Sepuka, though, said even with increasing fees, paying for admittance into a UC school is a “relative bargain” in comparing costs with other states’ school systems. “If you are a junior in high school and didn’t know the [fee increase] history,” said Sepuka, “you would just see our prices are comparable and sometimes cheaper.”
While Thursday’s vote didn’t see the large protests that characterized last year’s, 13 people were arrested outside the Regents’ meeting up in San Francisco. The UC San Francisco police chief called the crowd “angry and unruly and aggressive,” reported the Los Angeles Times, and he said some protesters threw barricades and other objects at law enforcement personnel.

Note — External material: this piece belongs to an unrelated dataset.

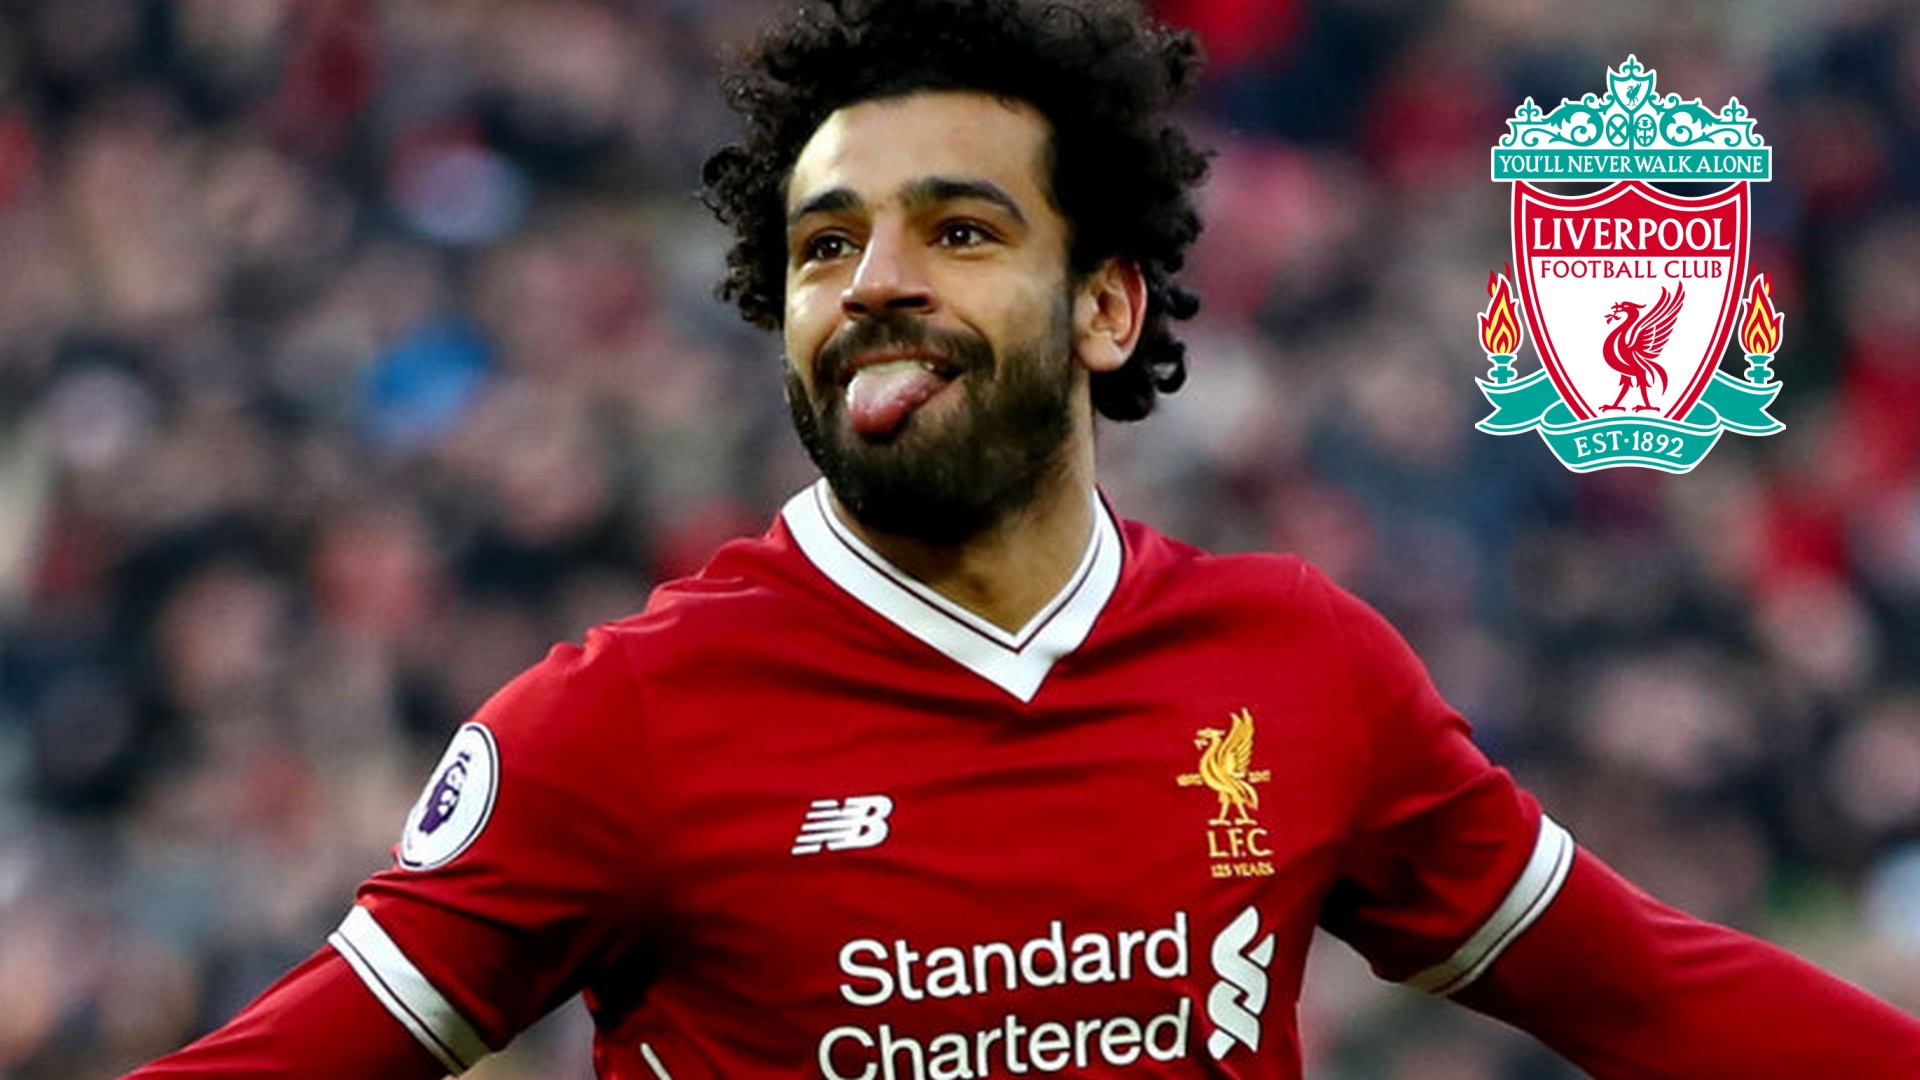 Liverpool Mohamed Salah HD Wallpaper with image resolution 1920x1080 pixel. You can make this wallpaper for your Desktop Computer Backgrounds, Mac Wallpapers, Android Lock screen or iPhone Screensavers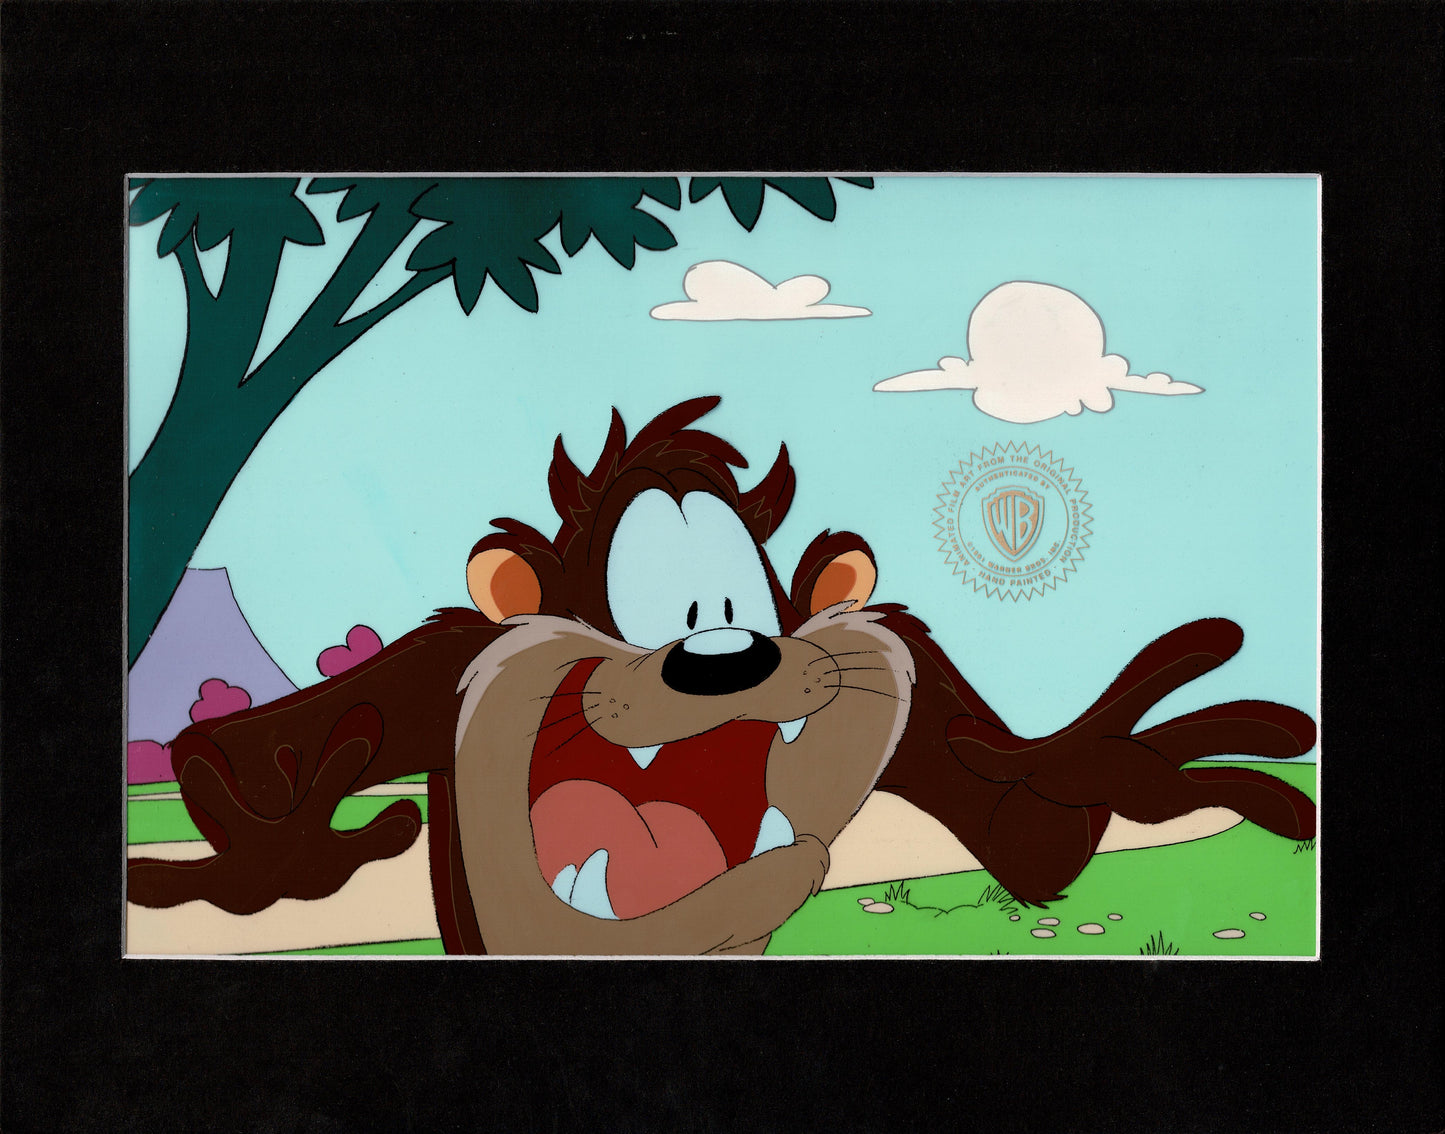 Tazmania Warner Brothers Looney Tunes Production Cel and OBG Cels 1994

Four officers suffered minor injuries during the clash, and about 15 protesters were purportedly nailed with pepper spray. At one point, an officer who was who was allegedly hit on the head with his own baton pointed his gun at the protesters.
In an email sent to The Independent in the wake of the vote, Fradenburg voiced her worry over what higher tuition costs will mean not only for the students but also for their future employers: “Courses of study are judged by the degree of ‘employability’ they appear to confer, at a time when study after study has demonstrated that students with ‘vocational’ majors fare less well in their careers than liberal arts students trained by their employers after graduation,” she wrote.
“The students who do best in law school,” she went on, “are classics, modern languages, and mathematics majors. Diversity — nurturing access to higher education regardless of class, ethnicity, gender, sexual preference, religious preference, and political views — gives you the best possible choice of employees. Smart kids who communicate well, know how to argue a point, and how to analyze one; they make more successful security experts than do those who major in the latter, because they circulate information really effectively.”
“The Regents have it all completely backwards,” Fradenburg summed up. “I think they should cease and desist. They don’t actually have any idea what they’re doing, despite the fancy talk. At least let the next governor screw things up some other way. Meanwhile, give all the kids a chance to get an education without going into debt. At all.”